__TASK STATEMENT__:
Leave out the pictures and reproduce all of the data exactly.

__DATA SHOWN__:
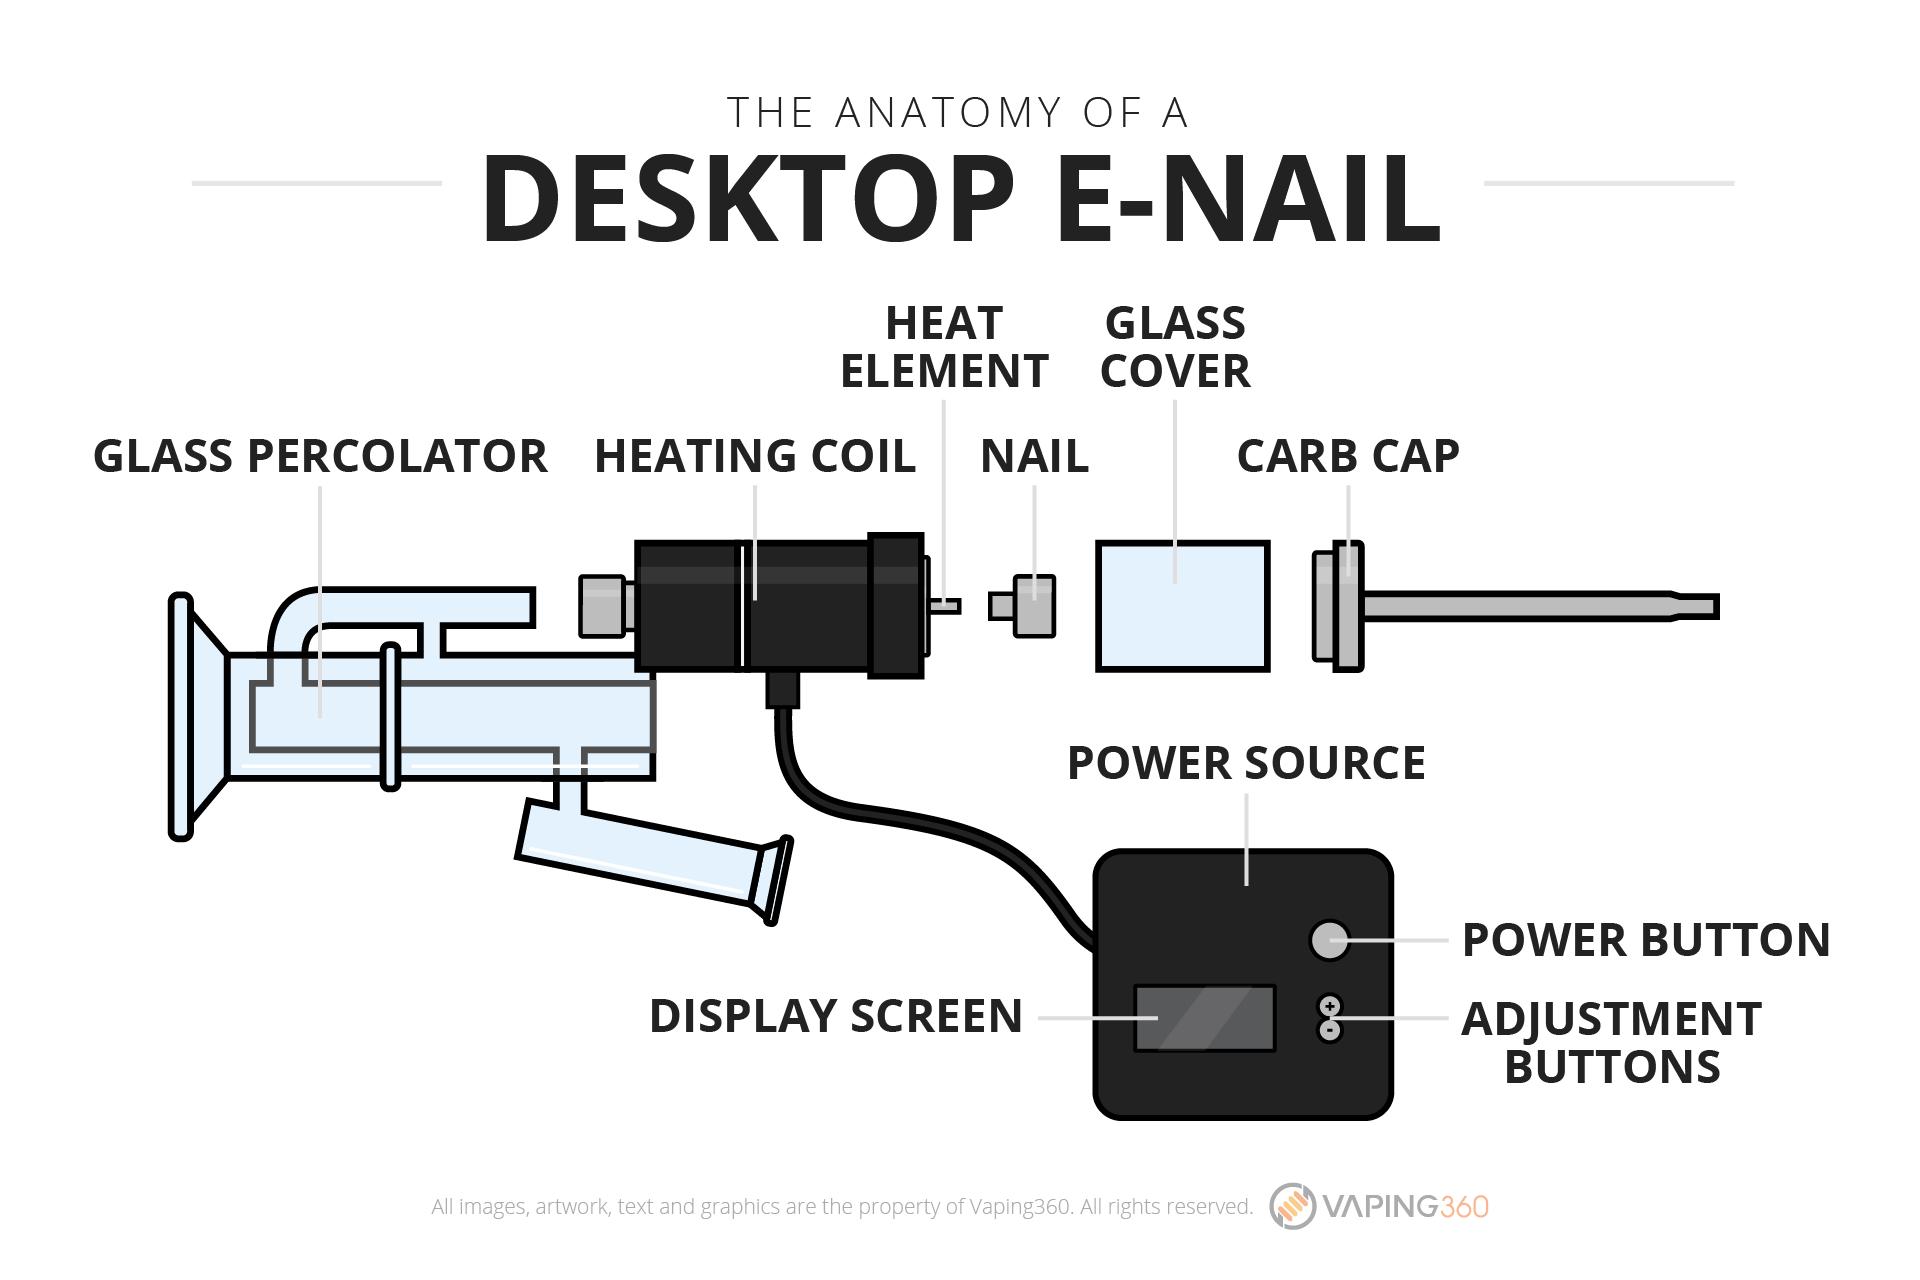 the-anatomy-of-a-desktop-e-nail
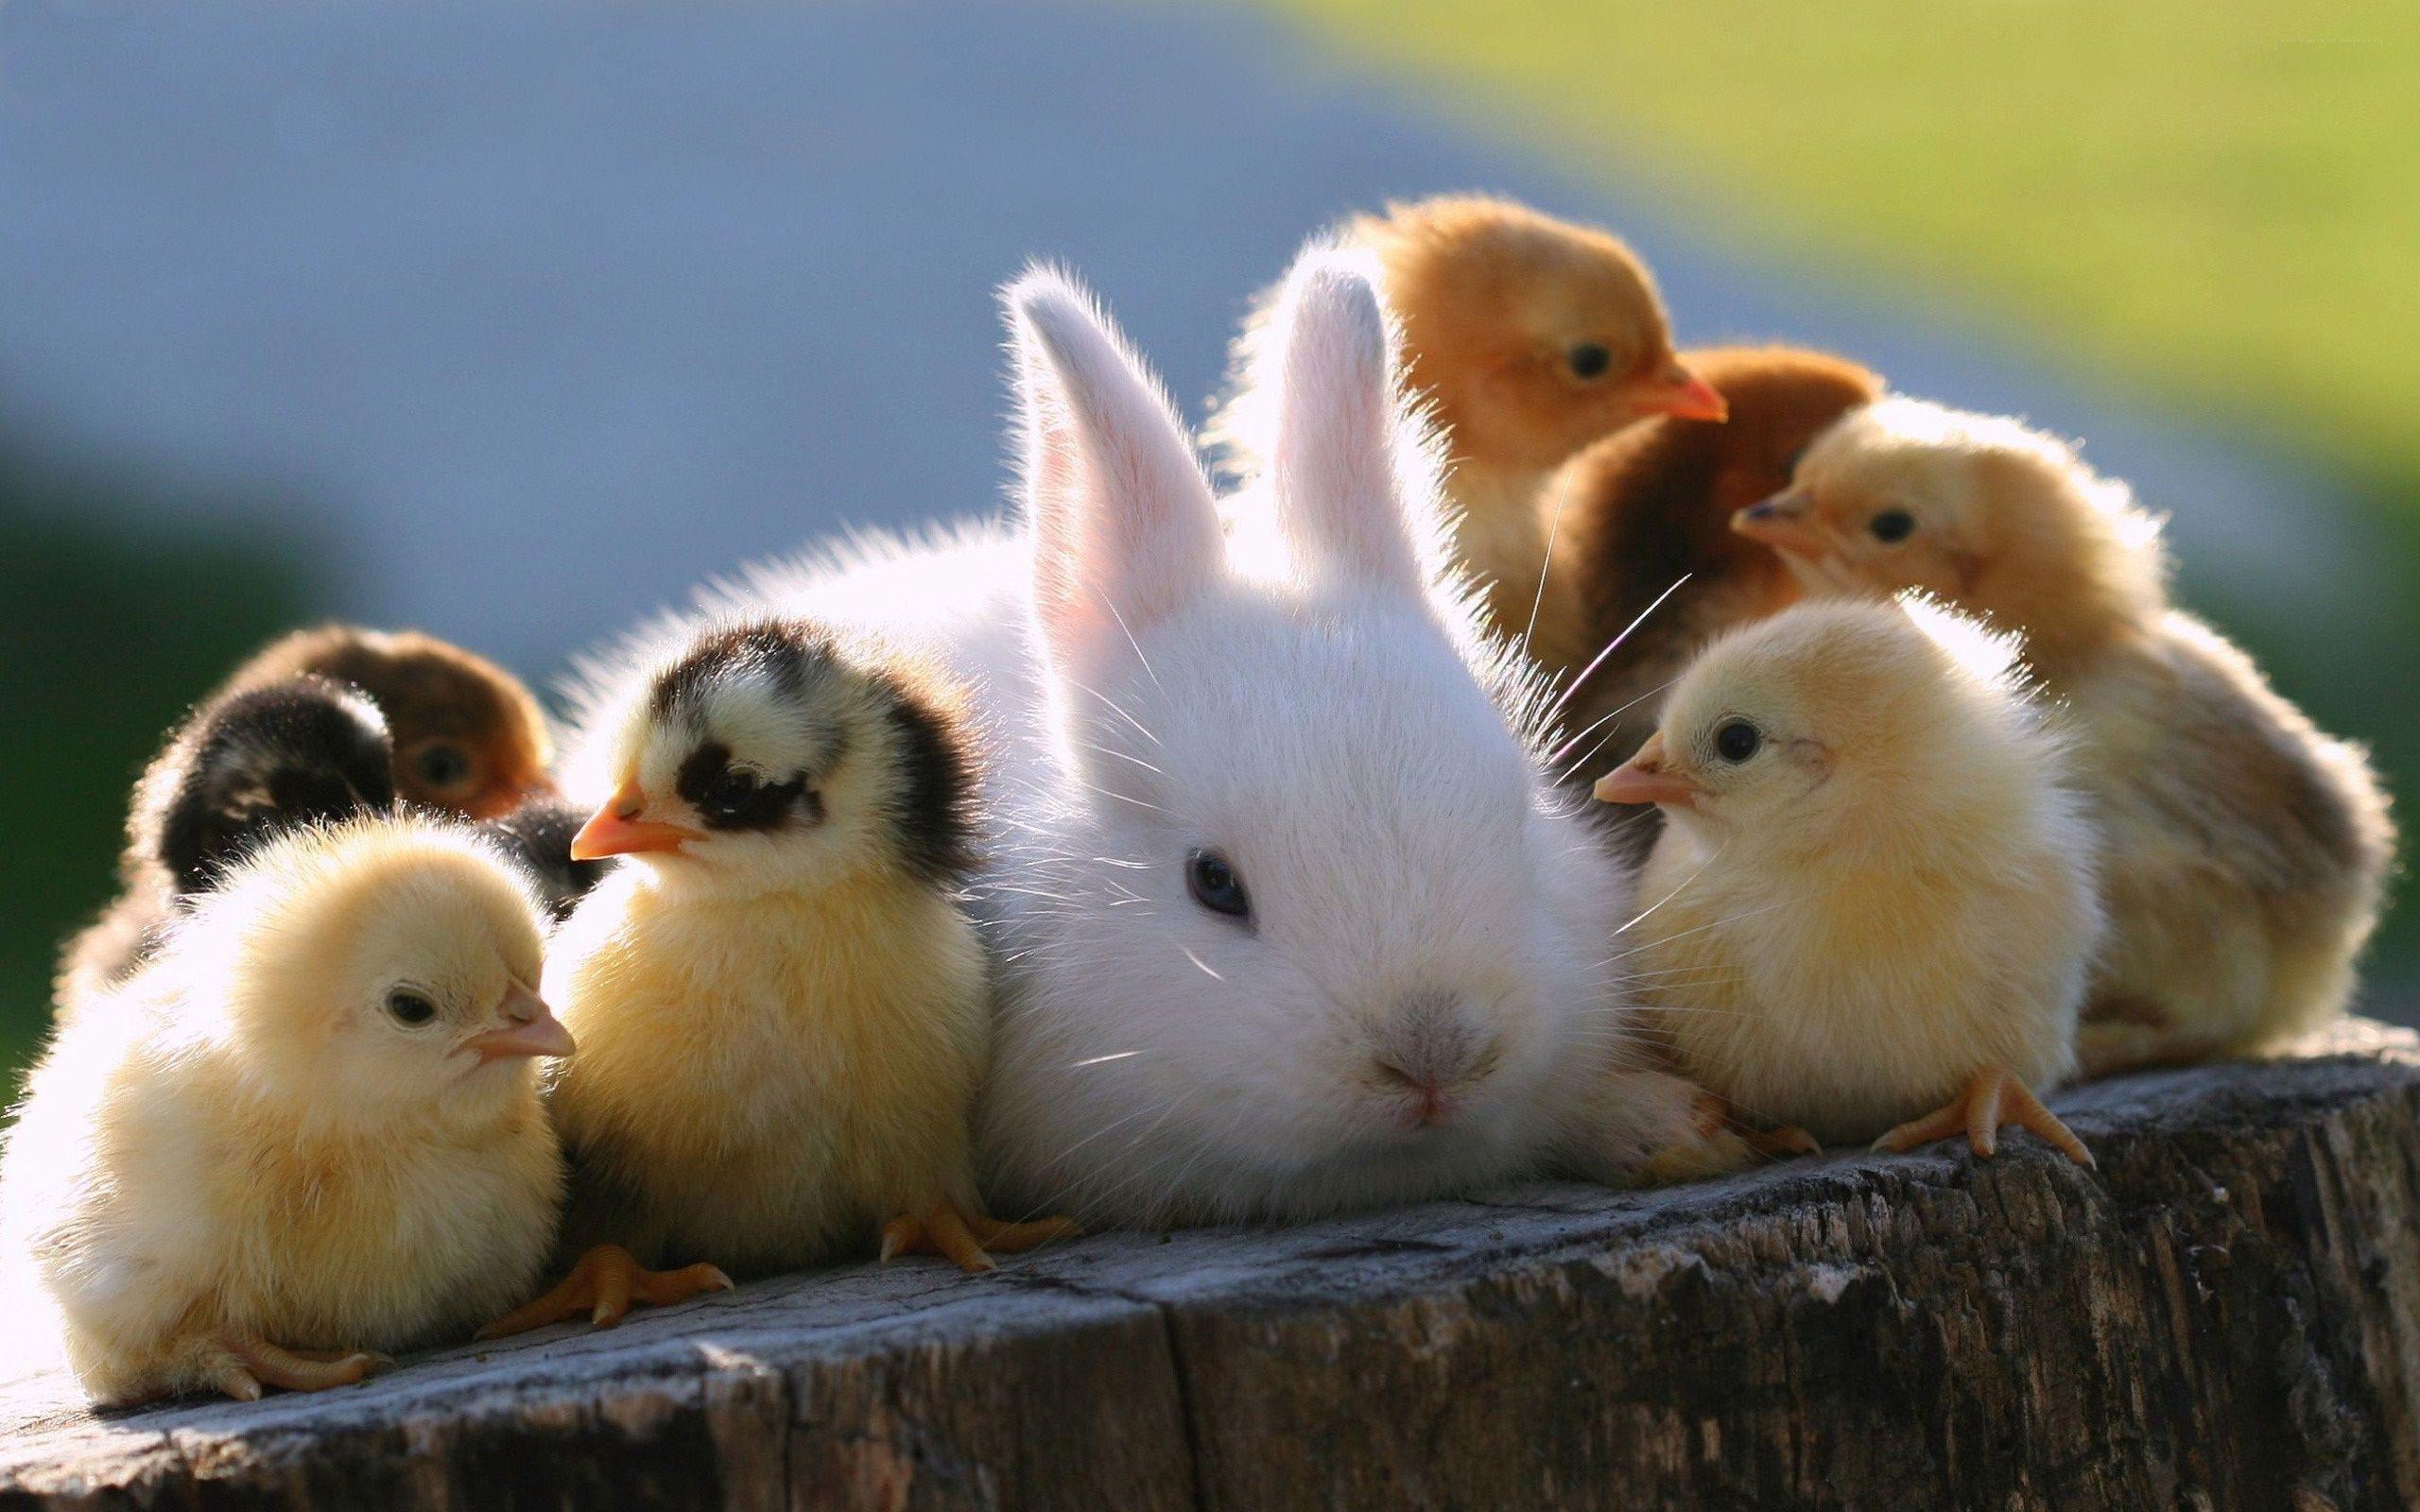 cute baby animals wallpaper - download hd cute baby animals
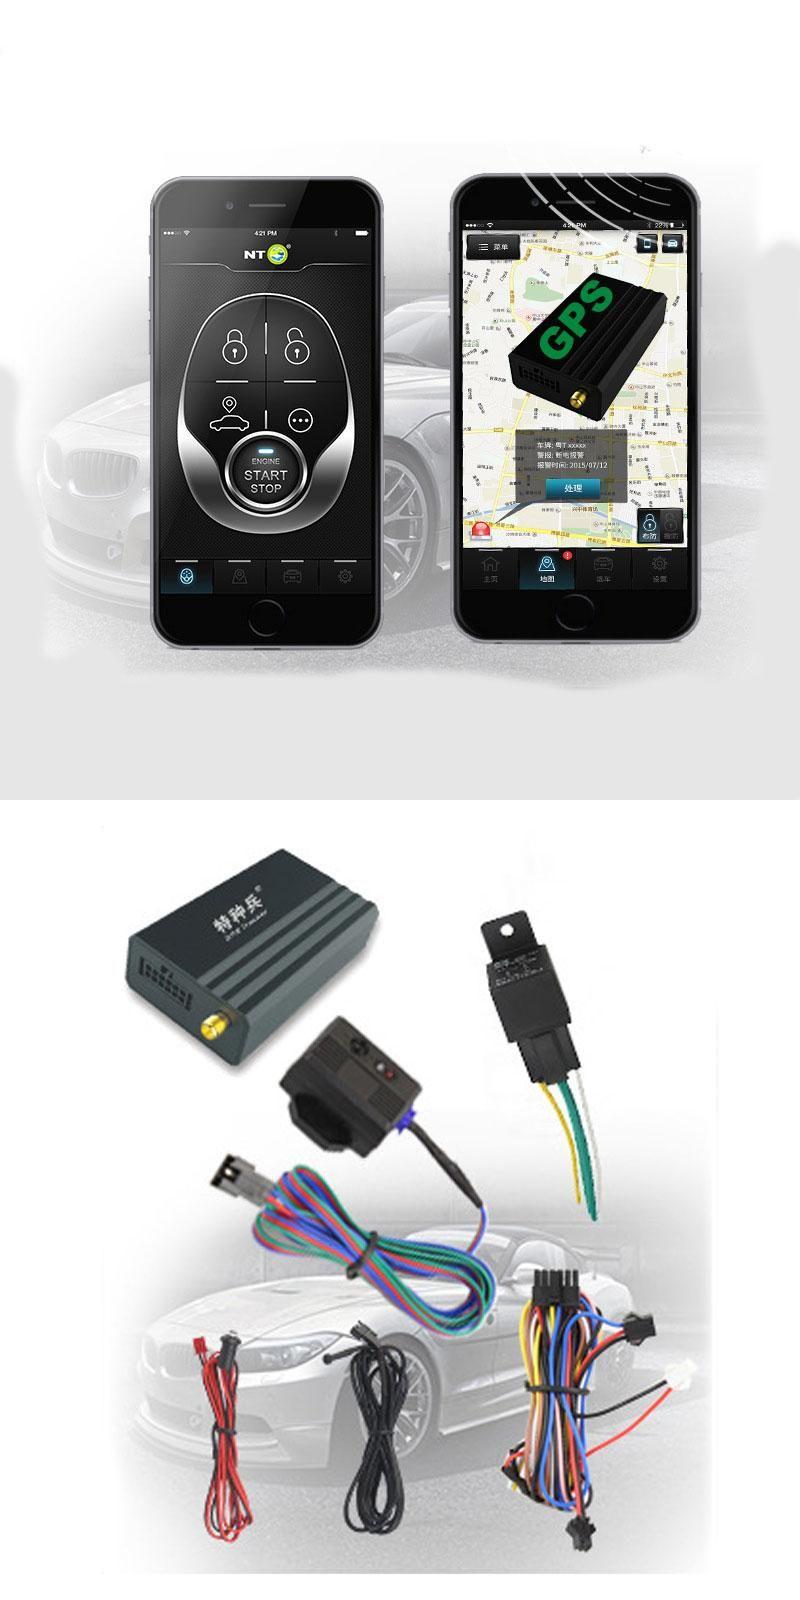 ENKLOV Mobile Phone APP GPS Tracker Car GSM / GPS Locator

__SOLUTION__:
 the-anatomy-of-a-desktop-e-nail
 cute baby animals wallpaper - download hd cute baby animals
 ENKLOV Mobile Phone APP GPS Tracker Car GSM / GPS Locator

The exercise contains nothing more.